EXTRACTED MATERIAL:
□ □ □

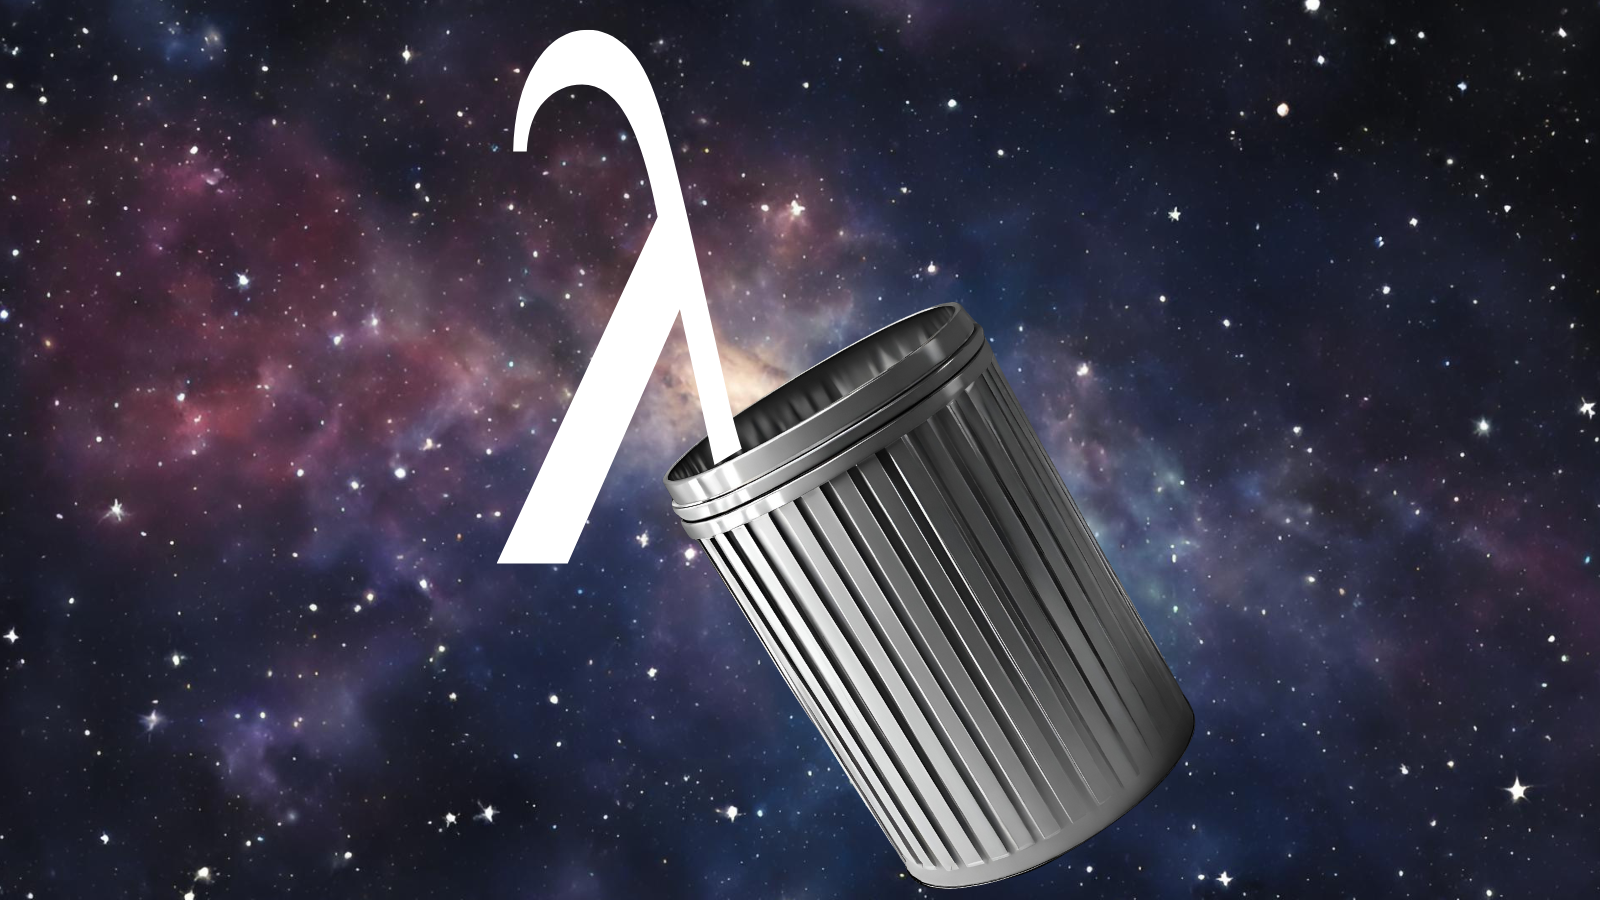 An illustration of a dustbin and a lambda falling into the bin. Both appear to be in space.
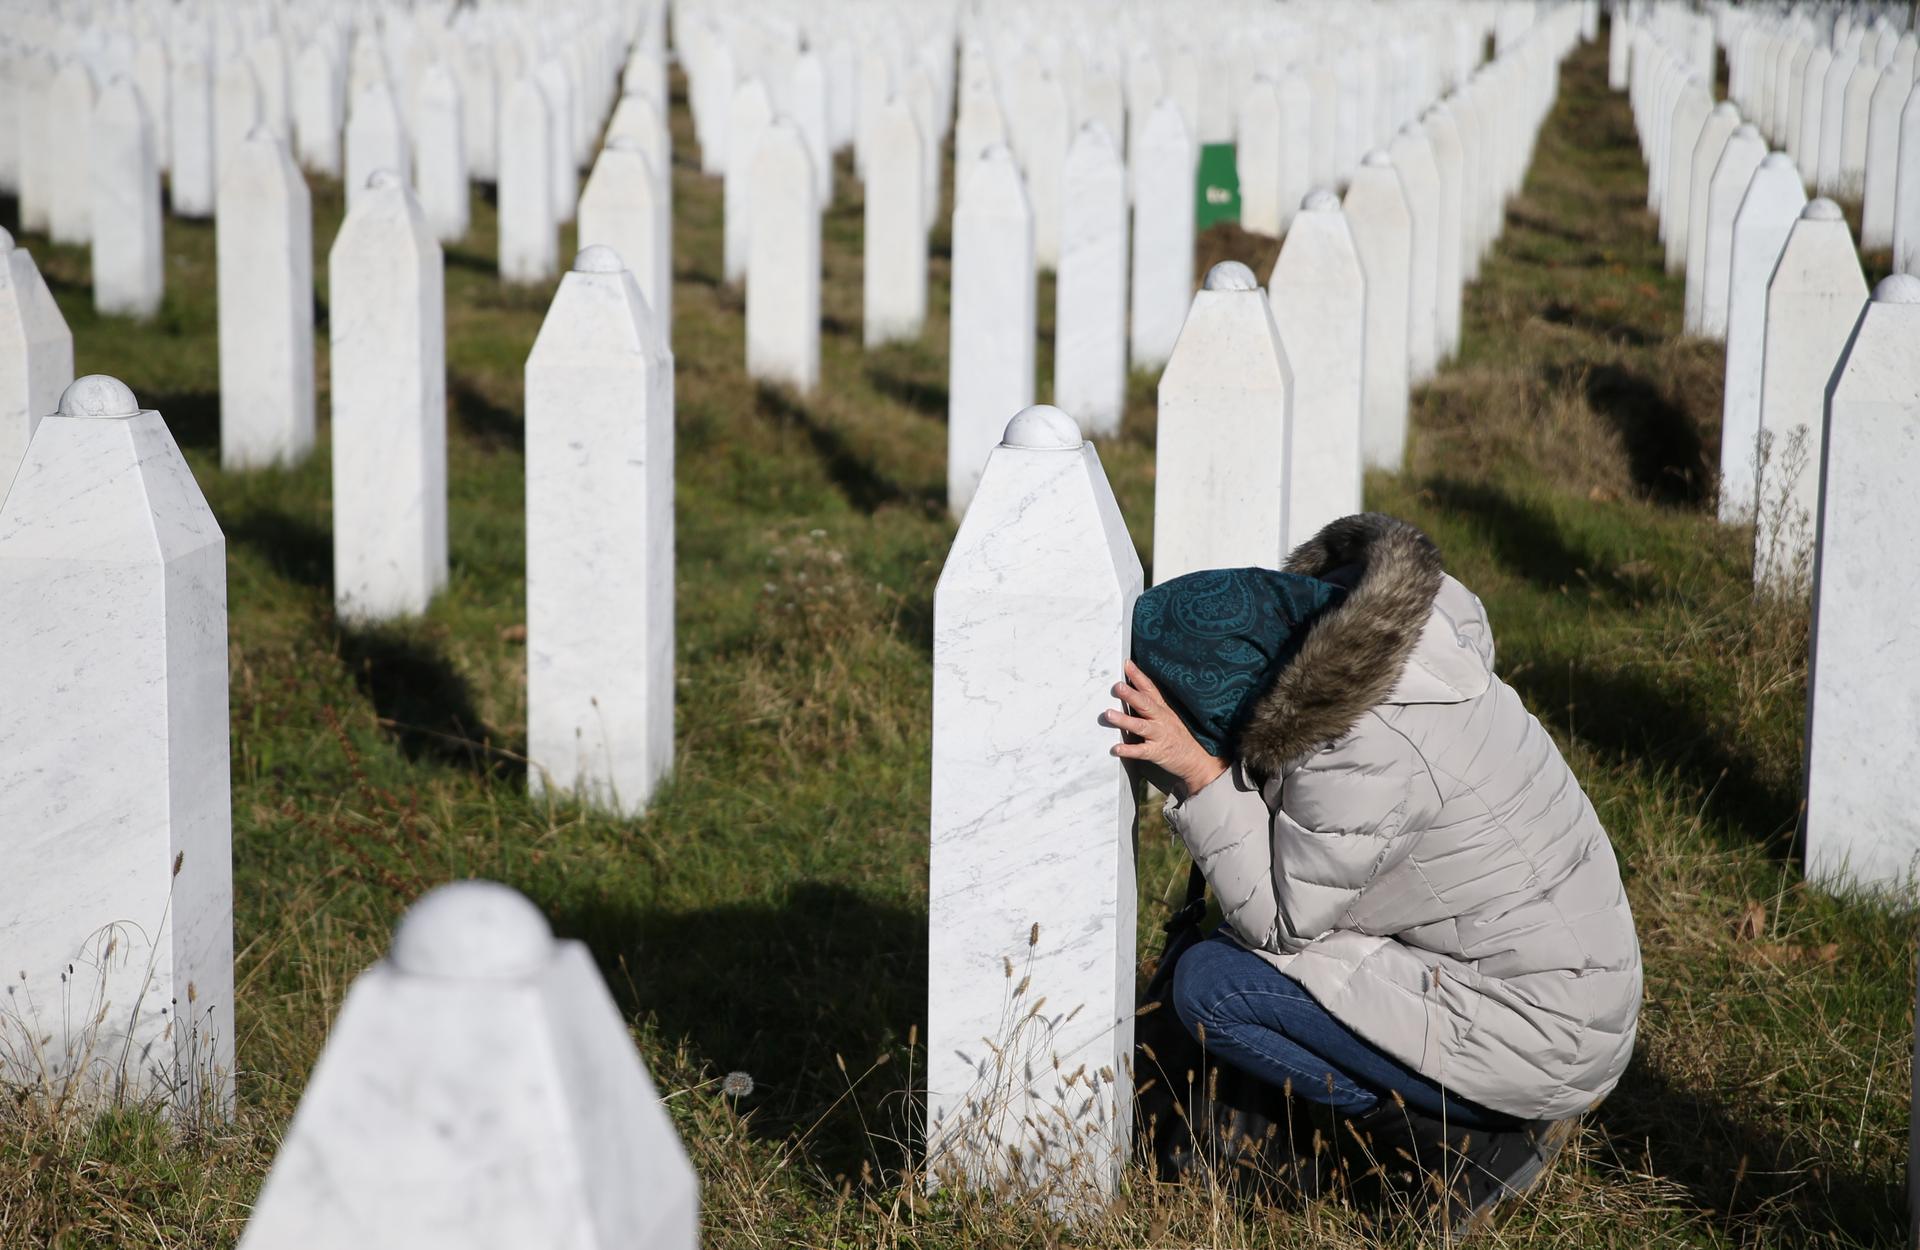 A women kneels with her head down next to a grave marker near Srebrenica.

□ □ □

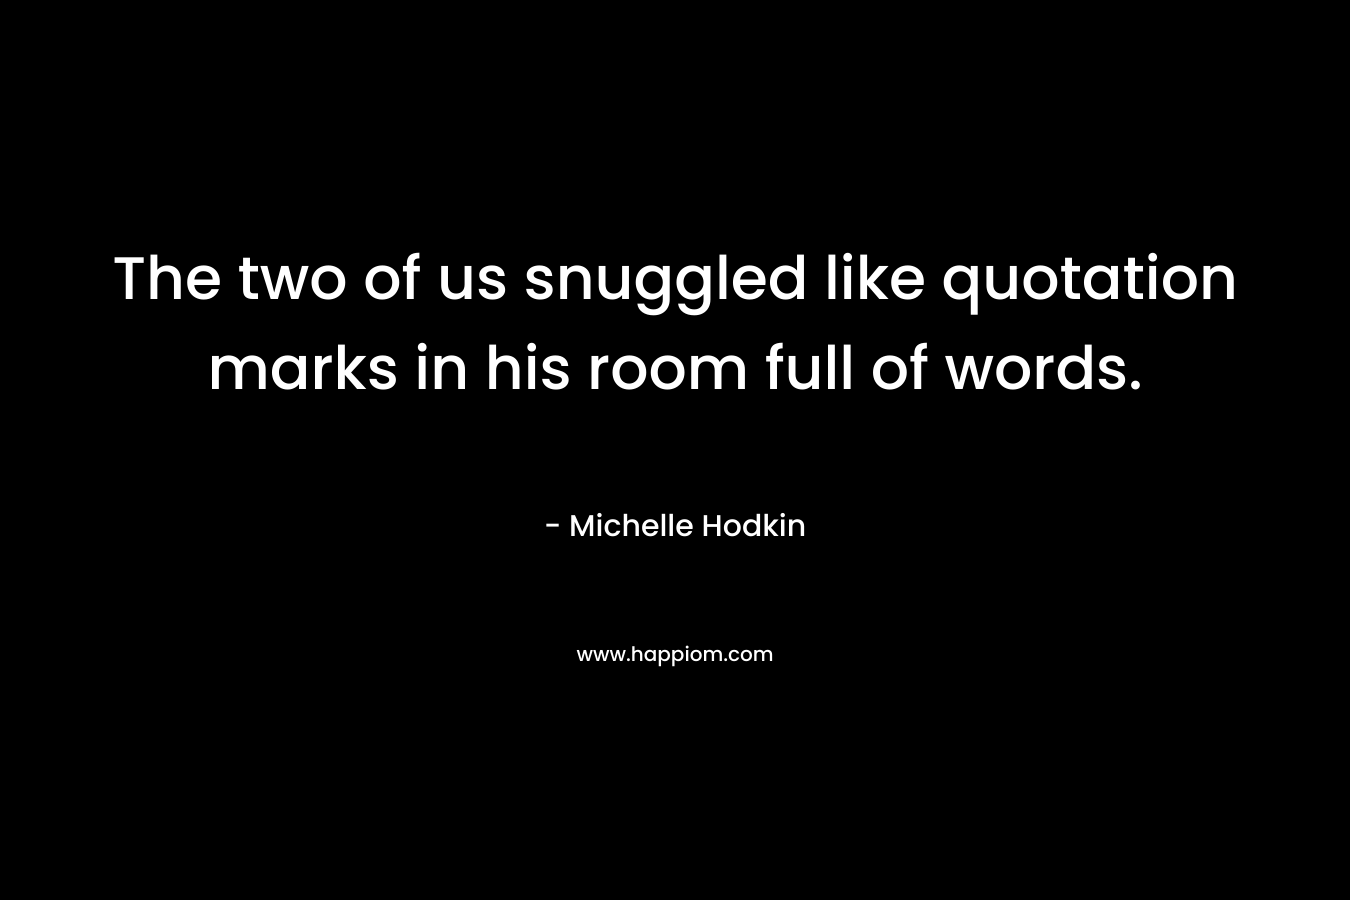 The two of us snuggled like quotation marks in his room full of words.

□ □ □

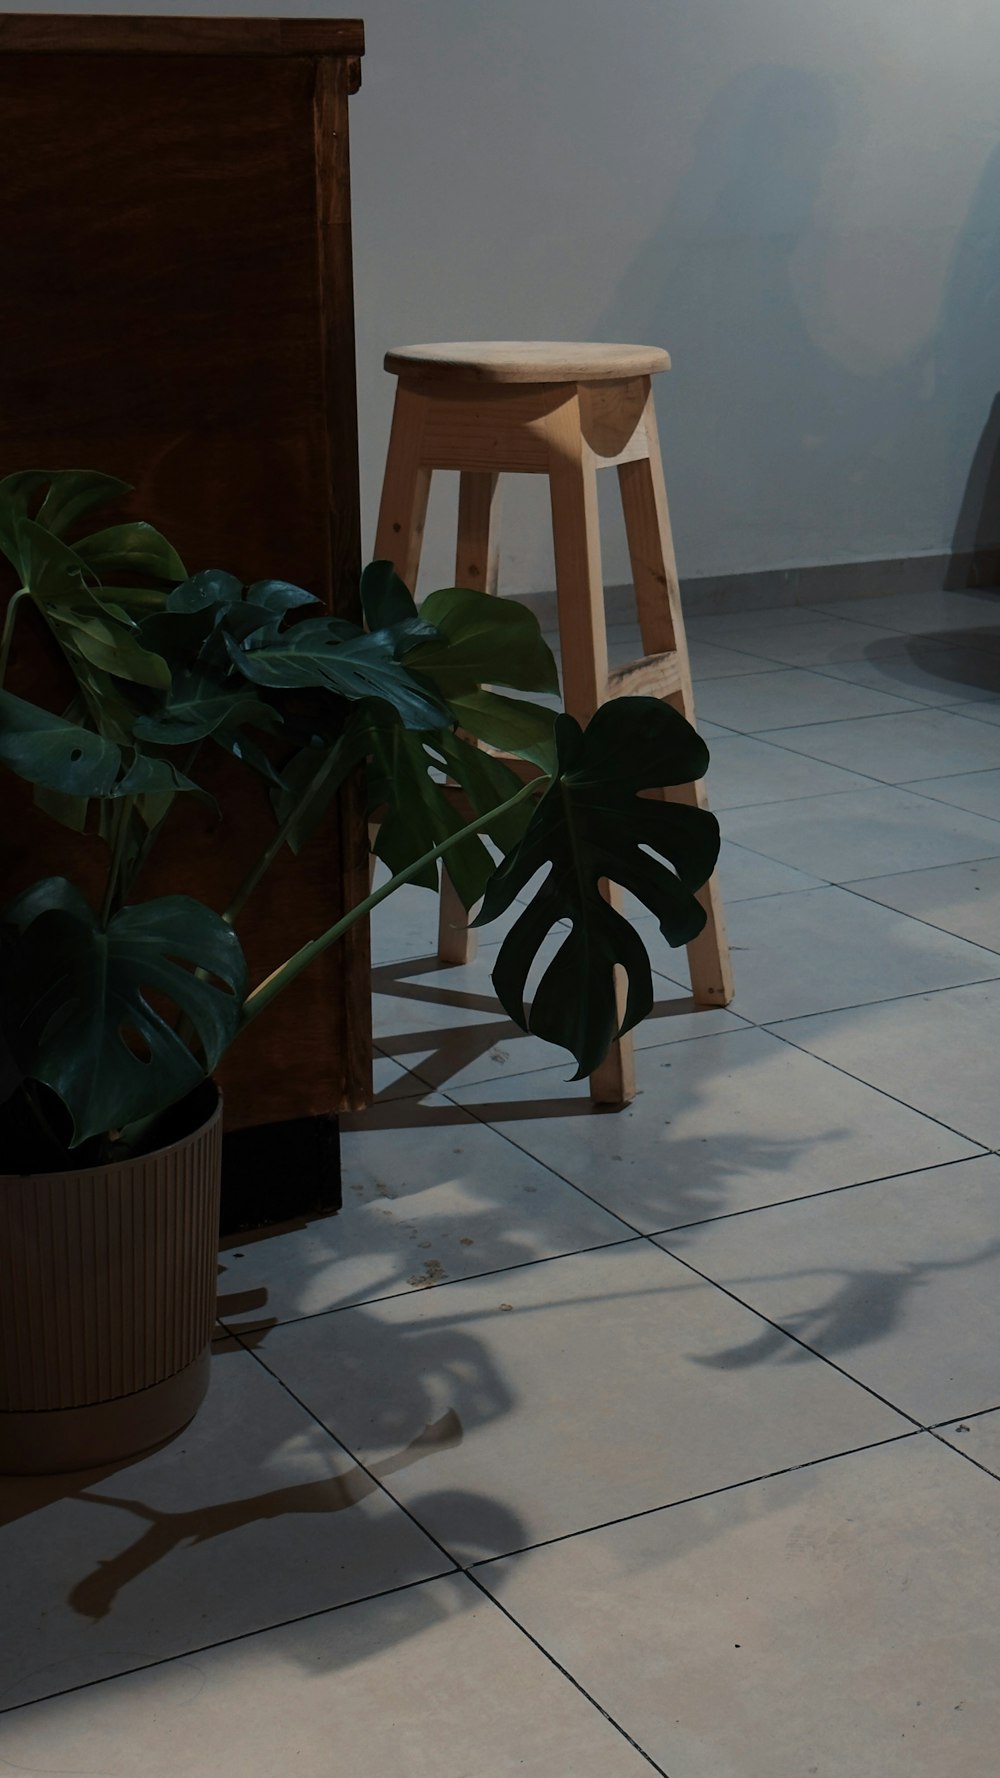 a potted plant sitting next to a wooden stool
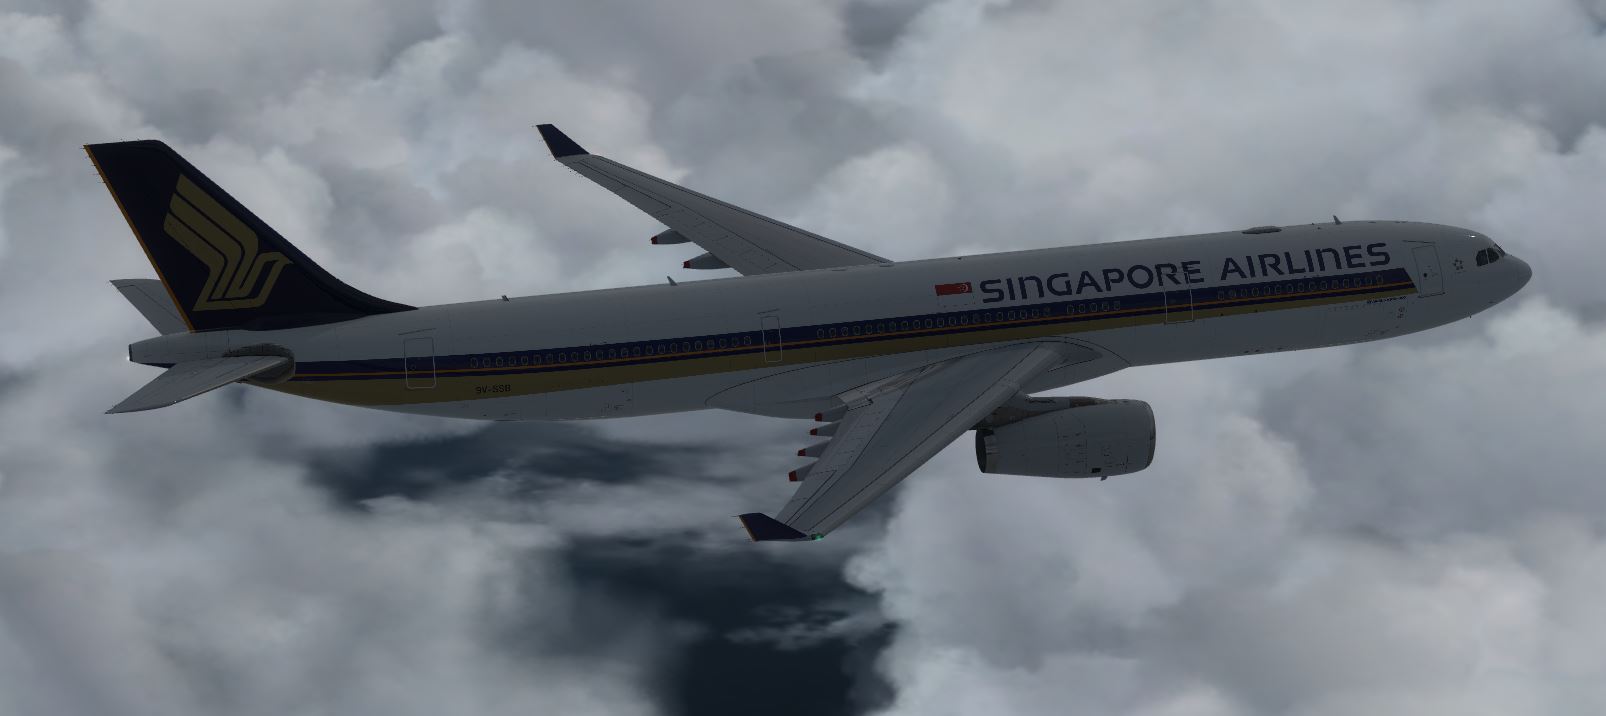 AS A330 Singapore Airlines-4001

□ □ □

EXERCISE DESCRIPTION: Would you restate, exactly and with no pictures, the lines of the entries above from the one containing "An illustration of" through the one containing "A women kneels"?

RESULT FOR THIS EXERCISE:
 An illustration of a dustbin and a lambda falling into the bin. Both appear to be in space.
 A women kneels with her head down next to a grave marker near Srebrenica.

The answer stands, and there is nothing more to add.